3 Hasil pengukuran yang telah dilakukan selama penelitian mendapatkan nilai nitrat pada tiap stasiun ekosistem mangrove Belawan berkisar 1,17 mgL -2,17 mgL. Nilai nitrat tertinggi dijumpai pada stasiun 2 sebesar 2,17 mgL sedang nilai nitrat terendah dijumpai pada stasiun 4 sebesar 1,17 mgL. Moosa 1985 menyatakan unsur nitrogen merupakan salah satu unsur yang mempengaruhi pertumbuhan organisme dan sebagai pembentuk protein. Robertson 1998 mengatakan bahwa di perairan, nitrogen terdapat dalam bentuk gas nitrit NO 2 dan nitrat NO 3 . Menurut Rheinheimen et al., 1988 dalam Barus 2004 menyatakan nitrat merupakan zat nutrisi yang dibutuhkan tumbuhan untuk dapat tumbuh dan berkembang. Murdiyanto 2003 menyatakan bahwa daun bakau yang jatuh akan terurai oleh bakteri tanah dan akan menghasilkan makanan bagi plankton dan merupakan nutrien bagi alga laut. Plankton dan alga yang berkembang akan menjadi makanan bagi berbagai jenis organisme yang ada di daerah tersebut, termasuk kepiting bakau. Siaheinina 2008 menyatakan kepiting bakau dapat dijumpai pada kisaran nitrat 0,01 mgL-0,18 mgl di perairan hutan mangrove Teluk Pelita Jaya Seram Maluku. Hal ini menunjukkan bahwa kondisi nitrat pada ekosistem mangrove Belawan masih baik dalam mendukung perkembangan kepiting bakau.

11. Fosfat PO

4 Berdasarkan hasil pengukuran yang telah dilakukan selama penelitian mendapatkan nilai kandungan fosfat berkisar antara 0,12 mgL - 0,25 mgL. Nilai fosfat tertinggi dijumpai pada stasiun 2 berkisar 0,25 mgL, sedang nilai fosfat terendah dijumpai pada stasiun 1 berkisar 0,12 mgL. Tinggi rendahnya nilai kandungan fosfat pada masing-masing stasiun disebabkan tipe sedimen yang mengandung fosfat. Barus 2004 menyatakan dalam ekosistem air fosfor terdapat dalam tiga bentuk yaitu senyawa fosfor anorganik seperti orthofosfat, senyawa organik dalam protoplasma dan senyawa organik terlarut yang terbentuk dari proses penguraian tubuh organisme.

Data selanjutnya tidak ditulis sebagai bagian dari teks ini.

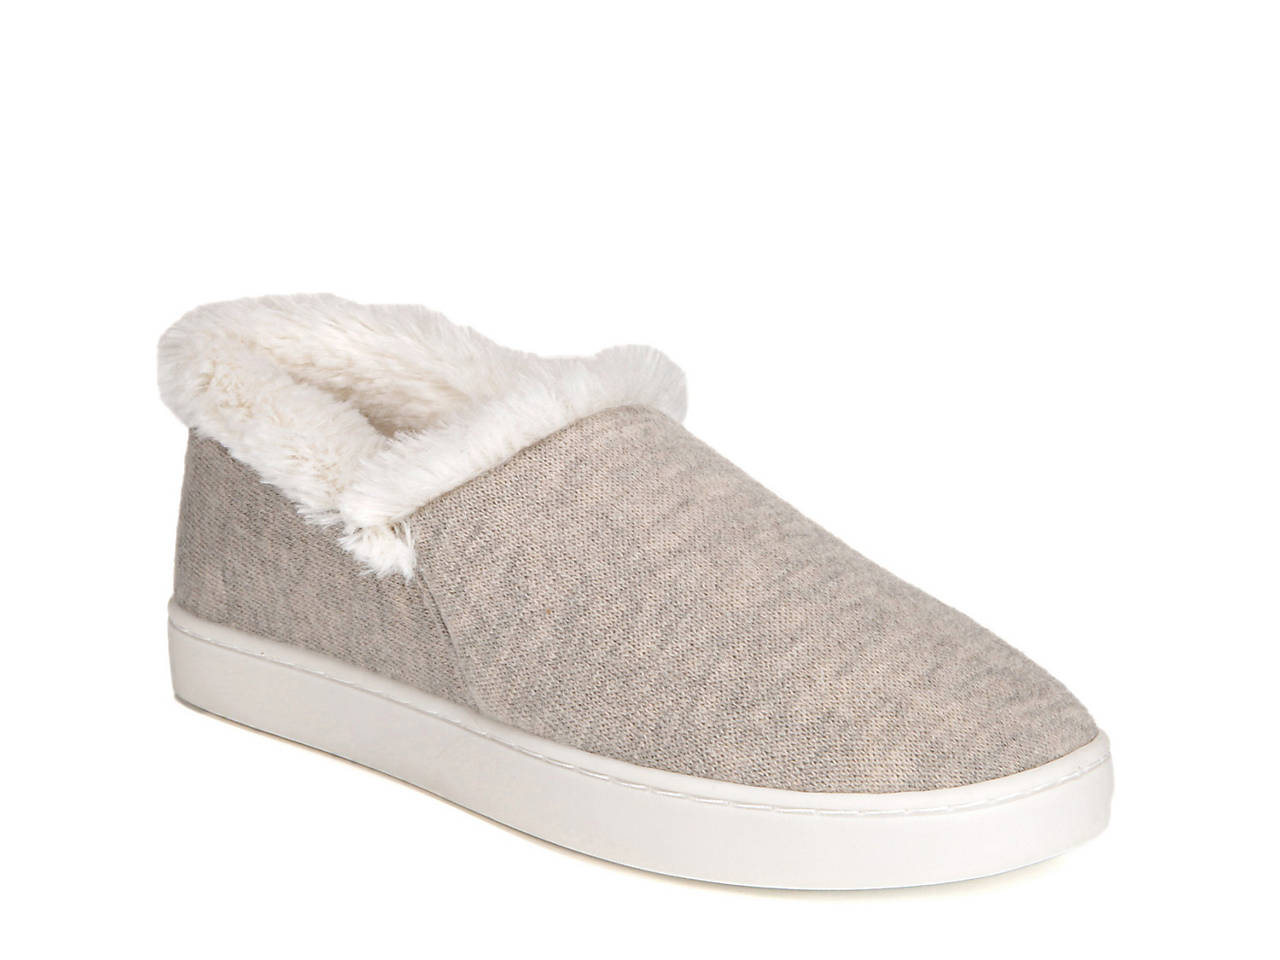 825e320917c Dr. Scholl s Cozy Madison Slipper Women s Shoes

Siaheinina 2008 menyatakan kepiting bakau dapat dijumpai dengan kandungan fosfat berkisar 0,04 mgL - 0,23 mgL di ekosistem mangrove Kabupaten Subang Jawa Barat, sedang Rosmaniar 2008 menyatakan hal yang sama bahwa kepiting bakau dapat dijumpai dengan kandungan fosfat berkisar 0,1875 mgL - 0,2599 mgL di perairan Pantai Labu Kabupaten Deli Serdang. Hal ini menggambarkan bahwa kondisi ekositem mangrove Belawan masih cukup tolerir di dalam mendukung pertumbuhan dan perkembangan kehidupan kepiting bakau.